Tim Burgess
Photo: Cat Stevens / Courtesy of Big Hassle Media

Tim Burgess’ ‘Typical Music’ Is a 22-song Adventure

The more-is-more nature of Typical Music may be a mixed blessing, but Tim Burgess’ biggest gift is a generosity of spirit on this giddy, 22-song adventure.

Typical Music
Tim Burgess
Bella Union
23 September 2022

Typical Music, Tim Burgess‘ fifth solo album, has 22 songs and is 90 minutes long. Typically, these sorts of double albums have been regarded as self-indulgent affairs that reward fans but do so rather inefficiently. Take any double album, the conventional wisdom goes, and there’s a better single album to be found inside. All that’s needed is some judicious trimming. But Burgess tried a different approach. By thinking of each whim and each track “as if it was the best thing and had to be treated with extreme care”, as he recently told his record label, he could present Typical Music as an act of generosity to fans and listeners.

In that sense, Typical Music is a spoil of riches. It’s the sprawling, anything-goes kind of double album that rushes headlong through genres and styles, twisting and turning and looping around all the while. But that’s not all. Even many individual songs take this same approach, like double albums in compacted form. “L.O.S.T.”, for example, is a bucolic bit of dream pop with a hop-skipping rhythm and shimmering keyboard. That is, until the three-minute mark when it is overtaken by crashing heavy metal guitars and a squalling, feedback-drenched solo. Then, it’s back to the dreaminess until the song gets stuck on a harmonized phrase and gives way to a pulsating, cosmic space-out of a coda.

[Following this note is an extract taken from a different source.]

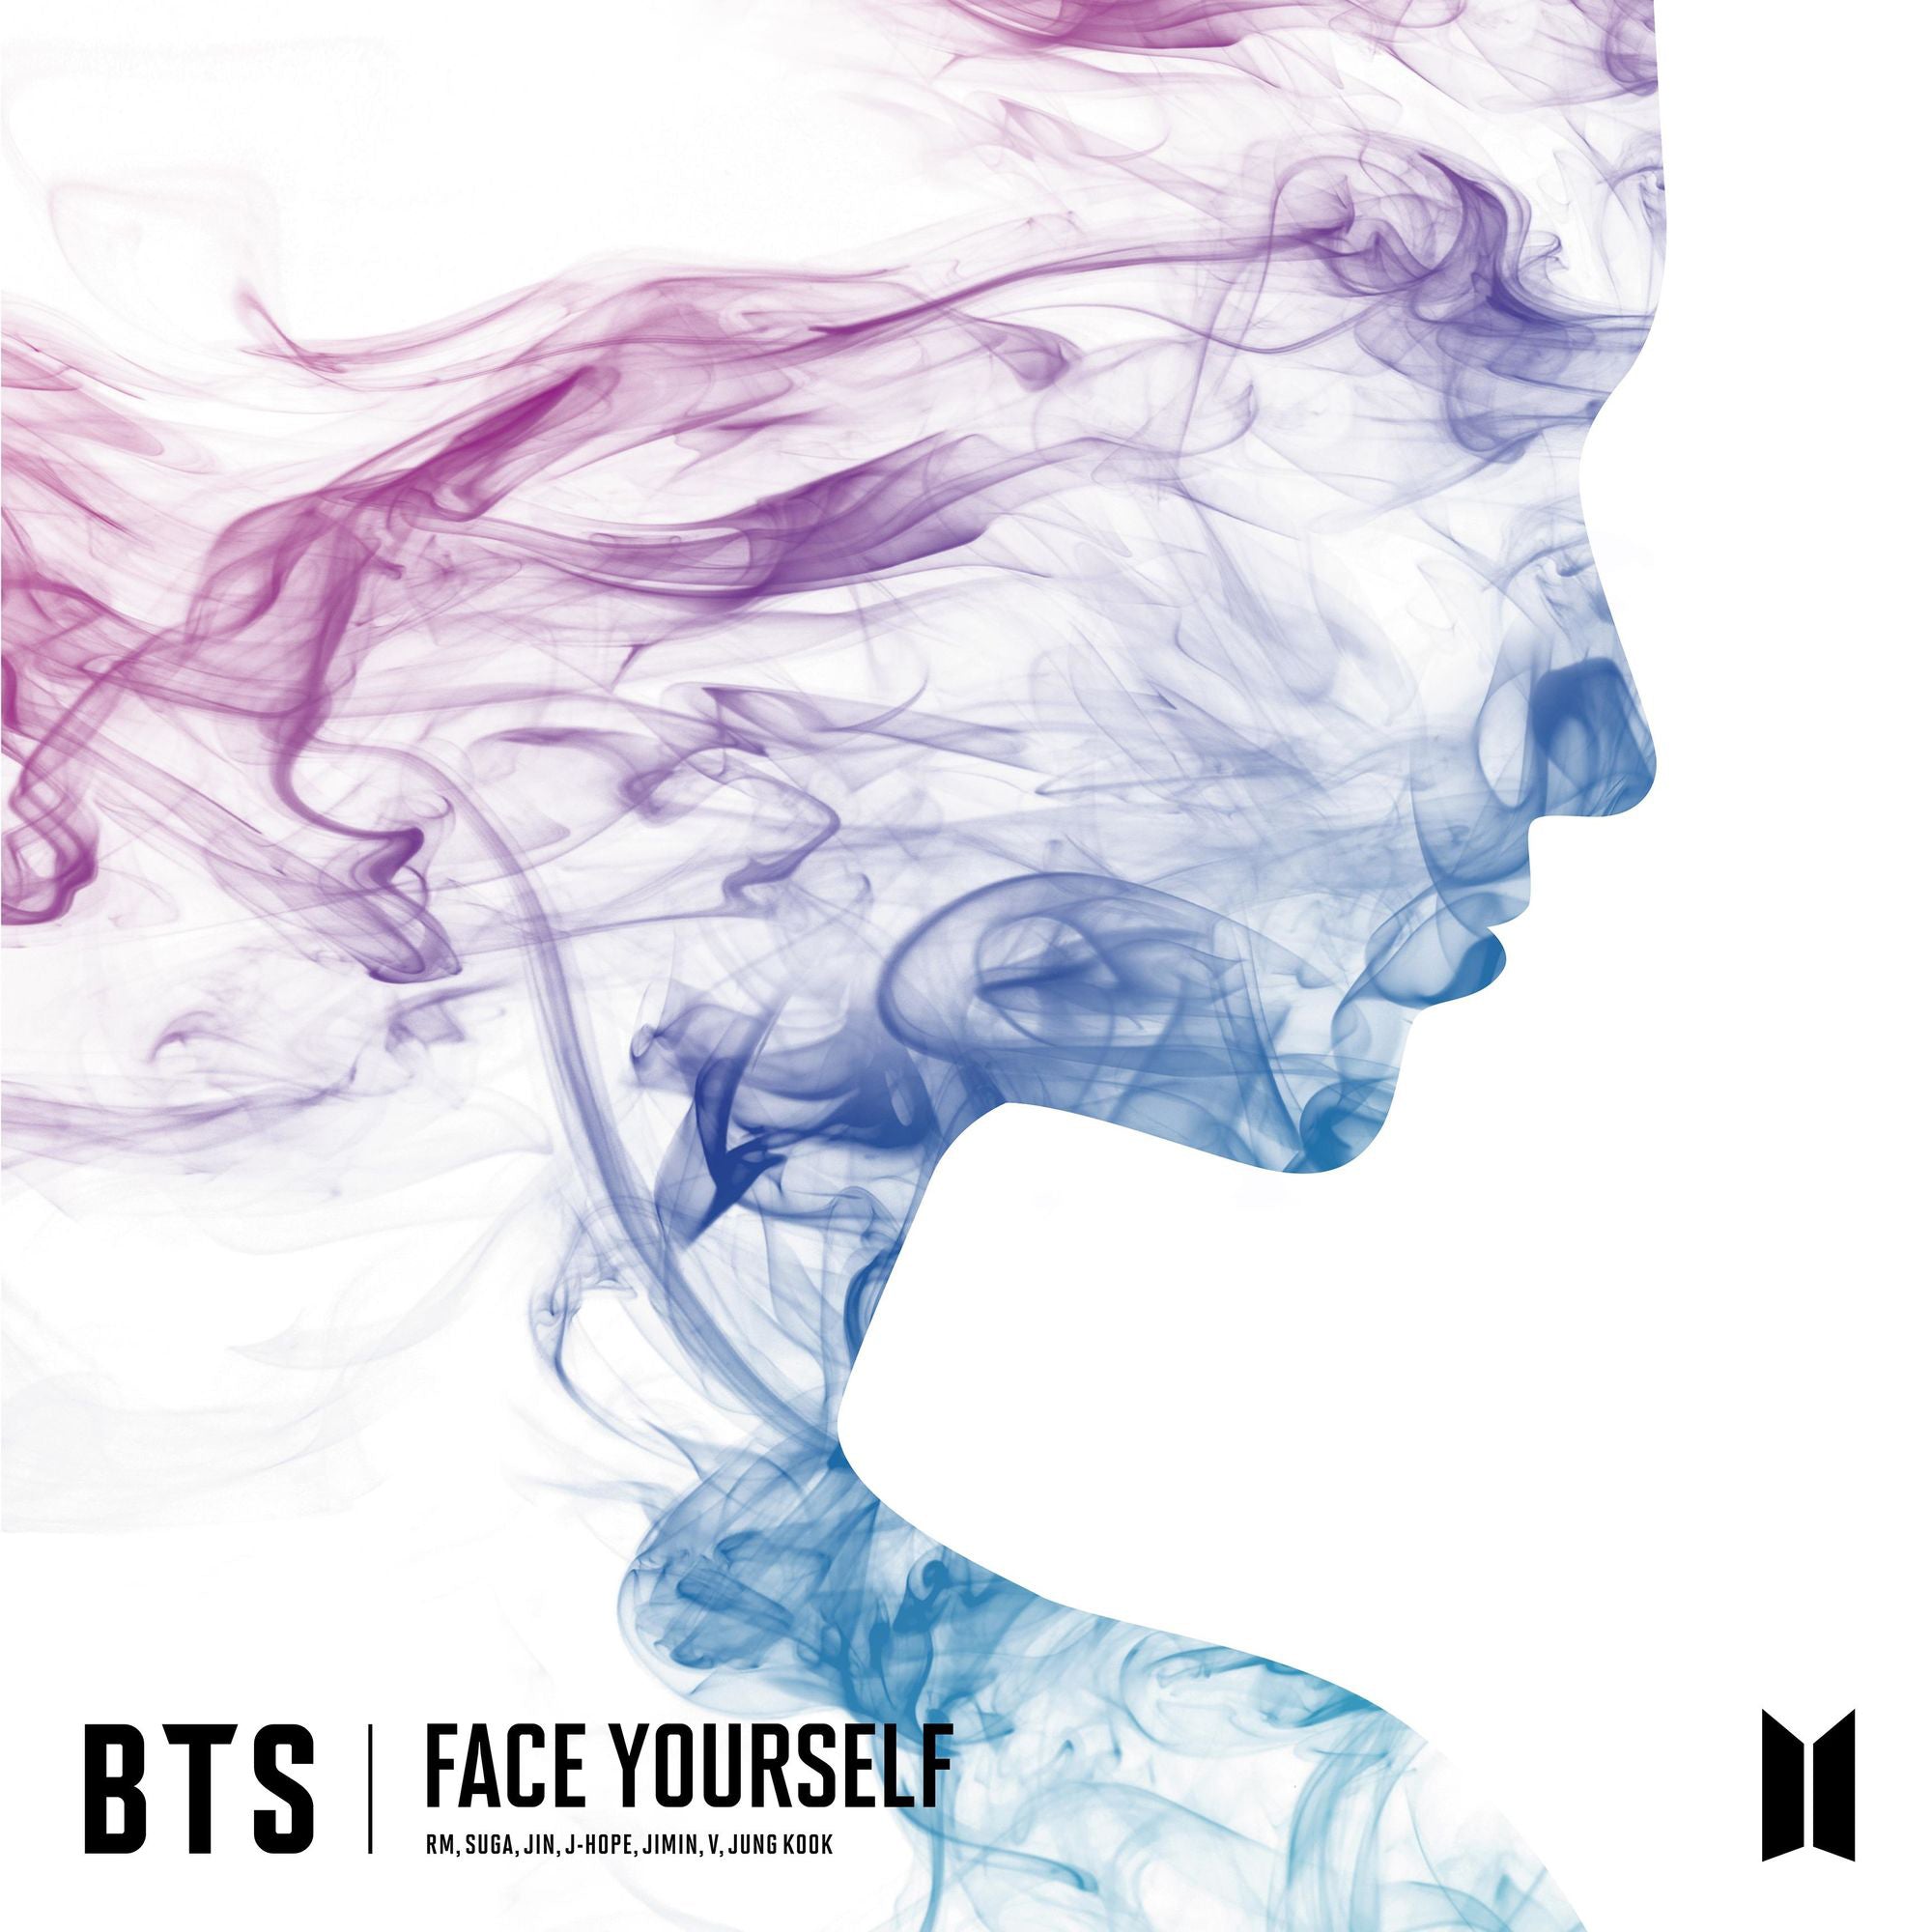 CD BTS - Face yourself

“Kinetic Connection” is a pleasant, breezy, midtempo indie pop track, except when interrupted by a dizzy, psychedelic breakdown. Similarly, “After This” is another shimmering, jangling pop train that runs right off the rails into a frenzied, double-time fugue. Burgess is well-known for his voracious musical appetite and pours it all into the pot of Typical Music. Sometimes, though, the result is musical ADHD. Some tracks literally can’t get out of their own way.

Typical Music has almost everything one could imagine, an album that finds room for rich, multi-tracked harmonies and talk-box guitar, one where the only thing better than a big, echoey space out is a bigger, even more echoey space out. Burgess writes a gorgeous piano-pop love song and then spends two minutes at the beginning of the song in a navel-gazing monologue explaining how and why he came to write that track, which he is about to sing. Though this may seem like the very pinnacle of self-indulgent grandiosity, it’s really just Burgess being his own affable self. If his musical mind is in the clouds, his head is level. His music is a way of explaining and relating the rich yet humble life he is living. That becomes quite clear in his lyrics, which are more means of verbal processing. Therefore, when he says, “I hope you don’t find me too boring,” it comes across as earnest rather than trite.

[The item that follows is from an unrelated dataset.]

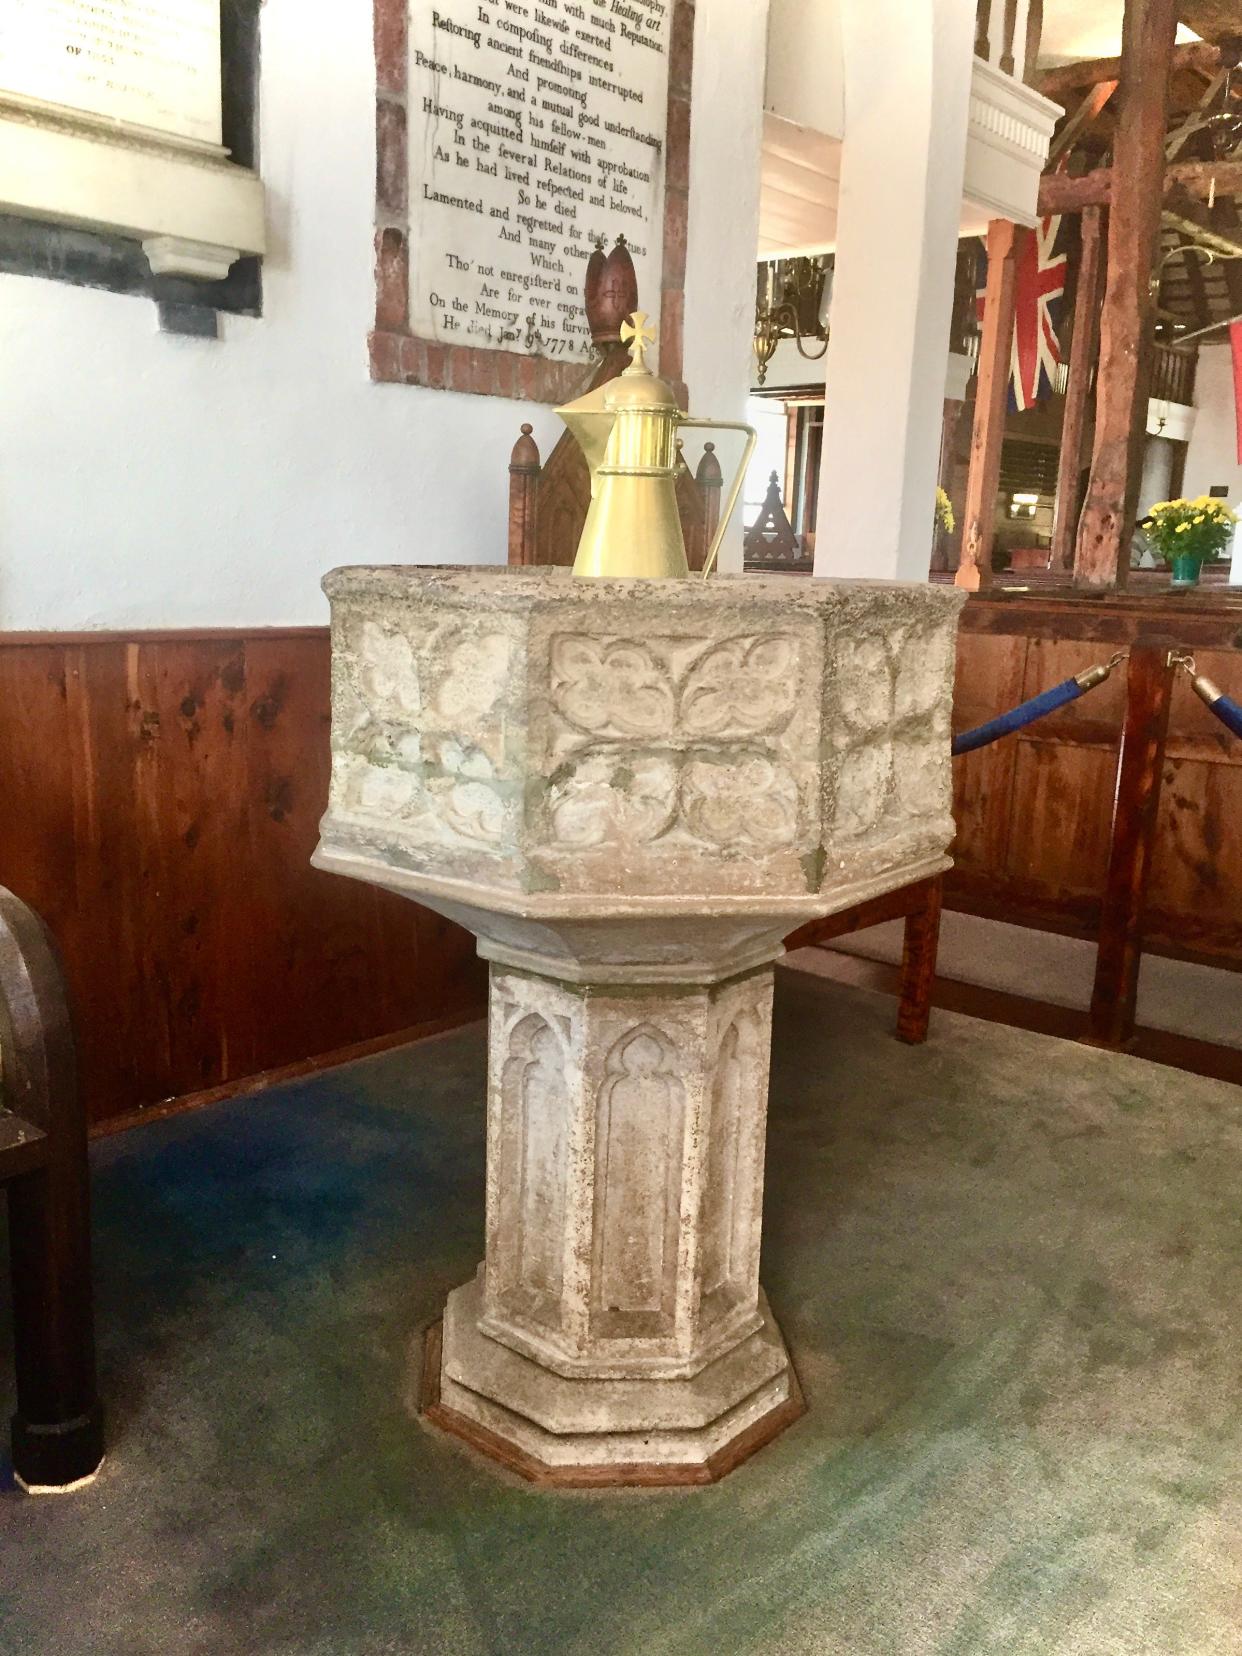 At more than 500 years old, the font at St. Peter’s Church is the island’s oldest man-made treasure.

Especially since getting sober some years ago, Burgess possesses an enthusiasm and appetite for life that is vivid and charismatic. “It’s such a wondrous surprise / Just to be here, being alive,” he says on “After This”, the title presumably referring to the pandemic during which Typical Music was recorded. On “L.O.S.T.”, he goes a bit further: “We can walk into tomorrow / We can carry all our stuff.” On paper, the sentiments seem silly or overly-simplistic, but Burgess makes them into more of a philosophy. His lack of guile lets him get away with it every time.

This charisma and energy are especially crucial to Typical Music because Burgess is not a naturally-gifted songwriter or melodicist. The album gets by on personality and quirky, oddball production (via collaborators Thighpaulsandra and Daniel O’Sullivan and Dave Fridmann’s vibrant, maximalist mix) more than hooks. That’s not to say it doesn’t have catchy moments. Burgess would probably be annoyed to read it, but the most engaging songs sound like they could make up most of a Charlatans album. There is the beguiling, DIY pop of “Here Comes the Weekend”, the piano-led “Kinetic Connection”, and the surf-rock-meets krautrock of the title track, with its commanding chorus. On multiple songs, Burgess’ longstanding tendency to turn toward an unexpected minor chord comes into play.

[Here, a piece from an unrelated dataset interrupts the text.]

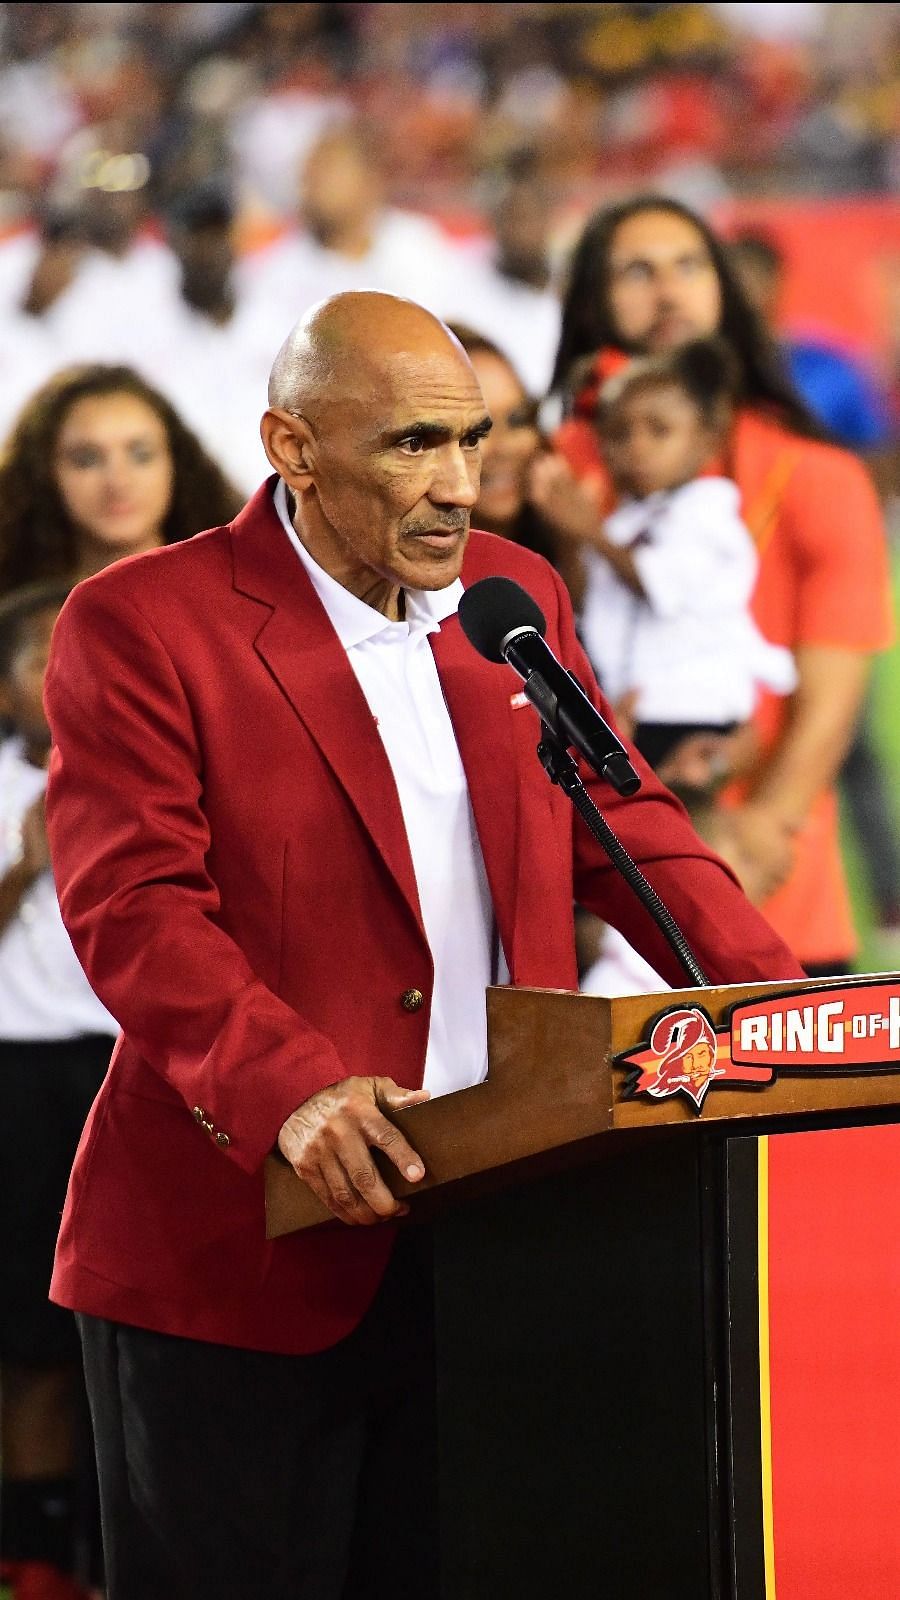 Who did Tony Dungy coach in the NFL?

On those occasions when Burgess does settle into a groove and let the song breathe, the results can be breathtaking. “Tender Hooks” is a straight-ahead, New Order-influenced indie with a danceable beat. “Sure Enough” is a lovely dream pop track with rolling piano, shuffling rhythm, and a bear hug of a chorus. The album highlight, though, is the delicate, whimsical melancholia of the country-tinged “In May”, where Burgess’s multi-tracked voice serves to give himself company and consolation. The more-is-more nature of Typical Music may be a mixed blessing, but Burgess’ and the album’s biggest gift is a generosity of spirit.